■ **What is needed**: Set out exactly, line by line, the stretch of data below that begins at the line containing "Leckere Reis-Gemüse-Pfanne mit" and ends at the line containing "Young woman making", with both ends kept.

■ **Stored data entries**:
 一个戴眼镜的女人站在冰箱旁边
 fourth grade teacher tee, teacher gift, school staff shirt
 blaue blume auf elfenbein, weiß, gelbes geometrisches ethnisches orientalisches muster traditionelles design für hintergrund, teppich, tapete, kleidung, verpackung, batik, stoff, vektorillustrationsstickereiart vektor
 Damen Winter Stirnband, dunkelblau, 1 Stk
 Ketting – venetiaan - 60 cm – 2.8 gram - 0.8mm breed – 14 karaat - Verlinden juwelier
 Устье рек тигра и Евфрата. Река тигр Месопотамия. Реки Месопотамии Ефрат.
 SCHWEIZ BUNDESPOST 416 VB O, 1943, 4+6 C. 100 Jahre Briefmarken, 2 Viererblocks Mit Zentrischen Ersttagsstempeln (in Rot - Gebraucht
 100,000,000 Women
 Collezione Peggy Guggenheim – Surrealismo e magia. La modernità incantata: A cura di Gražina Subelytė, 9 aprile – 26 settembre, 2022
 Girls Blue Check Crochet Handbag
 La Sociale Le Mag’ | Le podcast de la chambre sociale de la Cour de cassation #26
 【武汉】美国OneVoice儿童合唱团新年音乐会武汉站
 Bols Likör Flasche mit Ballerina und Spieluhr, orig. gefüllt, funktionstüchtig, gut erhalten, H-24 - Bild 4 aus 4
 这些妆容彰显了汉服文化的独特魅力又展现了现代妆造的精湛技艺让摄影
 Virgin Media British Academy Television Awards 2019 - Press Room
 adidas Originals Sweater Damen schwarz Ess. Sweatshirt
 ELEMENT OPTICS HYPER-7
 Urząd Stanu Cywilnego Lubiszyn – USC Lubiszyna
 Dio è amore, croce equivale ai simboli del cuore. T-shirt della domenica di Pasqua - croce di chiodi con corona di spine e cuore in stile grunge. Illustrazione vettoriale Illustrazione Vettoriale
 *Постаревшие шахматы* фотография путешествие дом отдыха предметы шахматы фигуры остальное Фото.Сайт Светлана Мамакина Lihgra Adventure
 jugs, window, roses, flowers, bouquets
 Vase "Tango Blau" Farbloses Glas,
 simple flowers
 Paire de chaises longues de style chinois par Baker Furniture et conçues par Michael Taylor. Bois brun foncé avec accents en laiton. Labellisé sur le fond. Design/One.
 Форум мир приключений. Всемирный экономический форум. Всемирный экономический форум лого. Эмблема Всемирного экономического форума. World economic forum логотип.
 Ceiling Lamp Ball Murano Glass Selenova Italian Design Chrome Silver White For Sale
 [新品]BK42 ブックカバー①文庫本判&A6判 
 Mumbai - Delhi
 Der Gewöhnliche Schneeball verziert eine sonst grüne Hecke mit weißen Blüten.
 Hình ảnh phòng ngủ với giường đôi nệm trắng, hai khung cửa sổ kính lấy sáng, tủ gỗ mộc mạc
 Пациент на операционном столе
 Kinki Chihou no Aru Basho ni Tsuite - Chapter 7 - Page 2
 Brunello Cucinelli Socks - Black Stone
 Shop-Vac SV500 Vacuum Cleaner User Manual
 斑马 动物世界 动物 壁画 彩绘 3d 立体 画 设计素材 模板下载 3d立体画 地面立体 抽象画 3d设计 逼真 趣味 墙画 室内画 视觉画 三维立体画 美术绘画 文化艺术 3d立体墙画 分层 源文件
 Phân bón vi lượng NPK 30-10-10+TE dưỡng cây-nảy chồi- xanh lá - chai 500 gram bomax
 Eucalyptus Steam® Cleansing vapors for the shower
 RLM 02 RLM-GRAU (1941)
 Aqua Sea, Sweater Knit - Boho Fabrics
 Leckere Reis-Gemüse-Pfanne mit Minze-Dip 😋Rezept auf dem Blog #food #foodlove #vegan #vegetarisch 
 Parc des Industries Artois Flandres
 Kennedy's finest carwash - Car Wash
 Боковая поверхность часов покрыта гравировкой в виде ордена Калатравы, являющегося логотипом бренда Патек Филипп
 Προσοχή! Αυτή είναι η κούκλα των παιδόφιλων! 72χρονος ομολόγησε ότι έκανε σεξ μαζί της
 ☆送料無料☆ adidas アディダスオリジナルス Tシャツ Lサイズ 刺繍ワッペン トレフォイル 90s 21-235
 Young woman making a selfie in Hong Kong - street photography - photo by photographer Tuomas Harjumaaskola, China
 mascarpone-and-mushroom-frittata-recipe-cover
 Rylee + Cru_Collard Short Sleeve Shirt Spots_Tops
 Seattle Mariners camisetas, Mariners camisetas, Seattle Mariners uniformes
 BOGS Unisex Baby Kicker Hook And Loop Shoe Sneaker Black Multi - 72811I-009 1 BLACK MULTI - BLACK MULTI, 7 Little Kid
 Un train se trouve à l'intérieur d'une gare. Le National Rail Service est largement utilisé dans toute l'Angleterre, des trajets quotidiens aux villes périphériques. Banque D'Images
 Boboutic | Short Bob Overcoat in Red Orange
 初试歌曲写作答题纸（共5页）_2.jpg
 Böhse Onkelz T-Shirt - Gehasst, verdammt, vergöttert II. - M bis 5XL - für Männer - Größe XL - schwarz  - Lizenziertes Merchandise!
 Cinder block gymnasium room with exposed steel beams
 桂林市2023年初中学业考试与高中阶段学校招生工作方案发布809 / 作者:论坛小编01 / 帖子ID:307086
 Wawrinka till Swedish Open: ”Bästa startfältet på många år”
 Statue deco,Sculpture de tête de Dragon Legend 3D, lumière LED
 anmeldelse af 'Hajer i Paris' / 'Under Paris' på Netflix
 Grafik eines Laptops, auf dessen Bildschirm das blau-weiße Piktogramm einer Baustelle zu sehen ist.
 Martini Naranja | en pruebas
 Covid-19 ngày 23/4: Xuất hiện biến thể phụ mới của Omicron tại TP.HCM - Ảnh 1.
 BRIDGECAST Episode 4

■ **Response to this exercise**:
 Leckere Reis-Gemüse-Pfanne mit Minze-Dip 😋Rezept auf dem Blog #food #foodlove #vegan #vegetarisch 
 Parc des Industries Artois Flandres
 Kennedy's finest carwash - Car Wash
 Боковая поверхность часов покрыта гравировкой в виде ордена Калатравы, являющегося логотипом бренда Патек Филипп
 Προσοχή! Αυτή είναι η κούκλα των παιδόφιλων! 72χρονος ομολόγησε ότι έκανε σεξ μαζί της
 ☆送料無料☆ adidas アディダスオリジナルス Tシャツ Lサイズ 刺繍ワッペン トレフォイル 90s 21-235
 Young woman making a selfie in Hong Kong - street photography - photo by photographer Tuomas Harjumaaskola, China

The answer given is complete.